Coming of age politically in the grim '70s, when liberalism seemed utterly exhausted, I still remember the thrill of coming upon their writings for the first time. I discovered the Public Interest the same week that Patty Hearst was kidnapped by the Symbionese Liberation Army, and its pages offered shelter from the storm -- from the mobs on the street, the radical posing of my professors and fellow students, the cluelessness of limousine liberals, the whole mad circus of post-'60s politics.
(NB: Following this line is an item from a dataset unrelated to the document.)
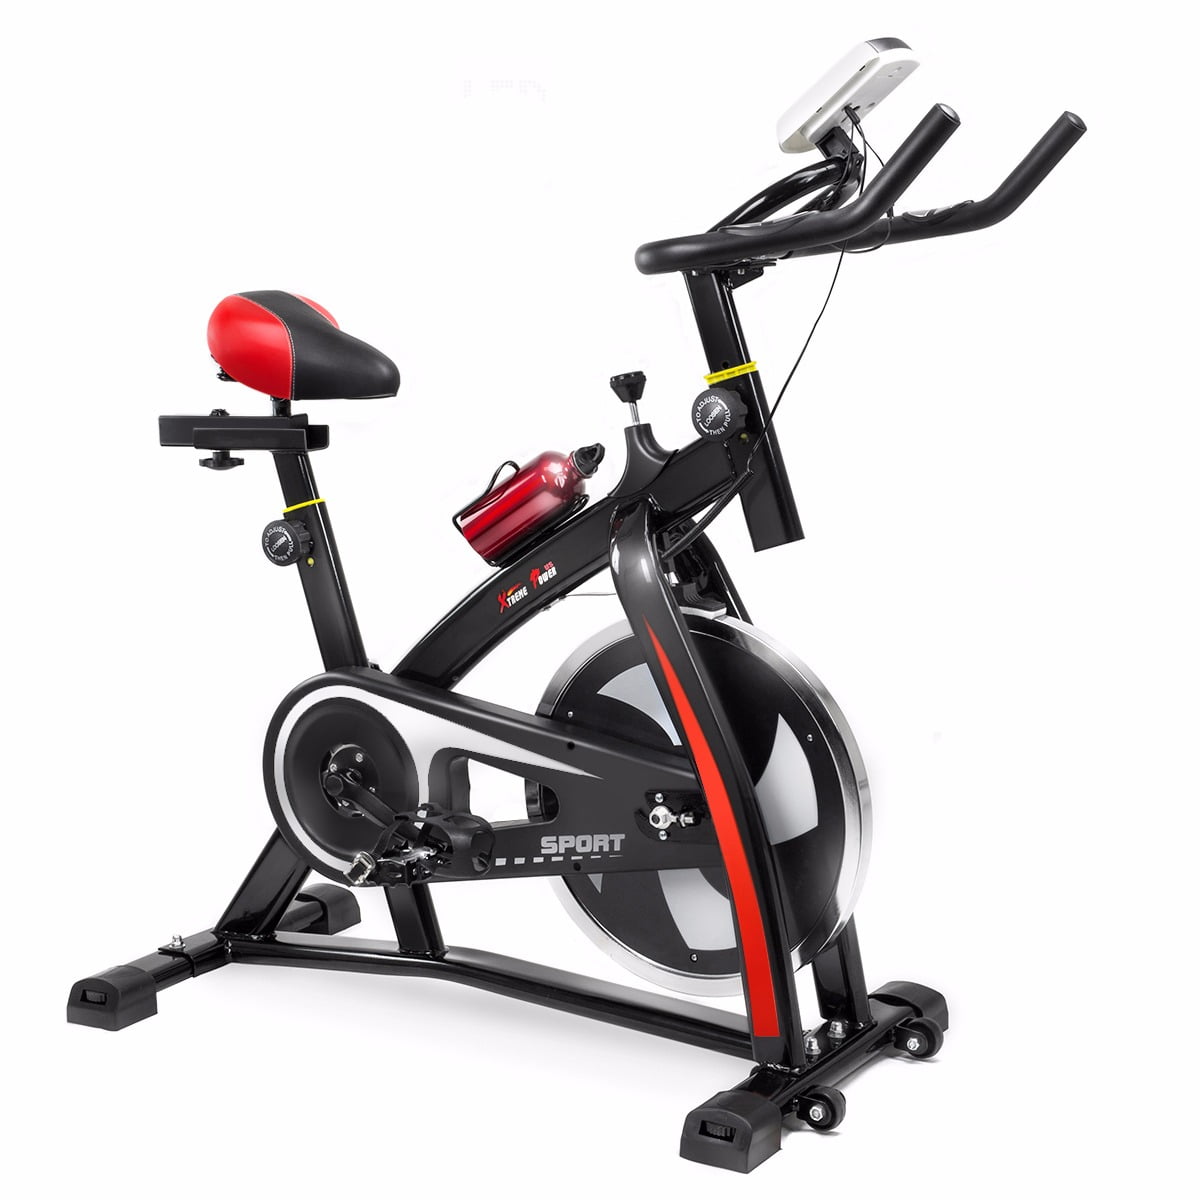 Bicycle Cycling Fitness Exercise Stationary Bike Cardio Workout Home Indoor USA

Conservative politics mattered less to me than the sober comportment of conservative intellectuals at that time; I admired their maturity and seriousness, their historical perspective, their sense of proportion. In a country susceptible to political hucksters and demagogues, they studied the passions of democratic life without succumbing to them. They were unapologetic elites, but elites who loved democracy and wanted to help it.There is an important point the article doesn't make. Liberals and conservatives have indeed switched roles on who is more likely to project their fantasies on some idealized hero (revolutionaries for '70s liberals, "normal people" for today's conservative crowd). But when Lilla writes "Conservative politics mattered less to me than the sober comportment of conservative intellectuals at that time; I admired their maturity and seriousness, their historical perspective, their sense of proportion.", he could have been talking about Obama and his fellow Democrats. That, I think, is the most profound intellectual change within American policy circles in the past 30 years; there has been a complete reversal of roles on who to turn to for serious and realist solutions. The quasi-pathological tendency to project their dreams on an idealized hero is a symptom, the intellectual emptiness is the disease. Hopefully a new generation of conservative intellectuals will be able to reverse that situation.
(...)
Back in the '70s, conservative intellectuals loved to talk about "radical chic," the well-known tendency of educated, often wealthy liberals to project their political fantasies onto brutal revolutionaries and street thugs, and romanticize their "struggles." But "populist chic" is just the inversion of "radical chic," and is no less absurd, comical or ominous.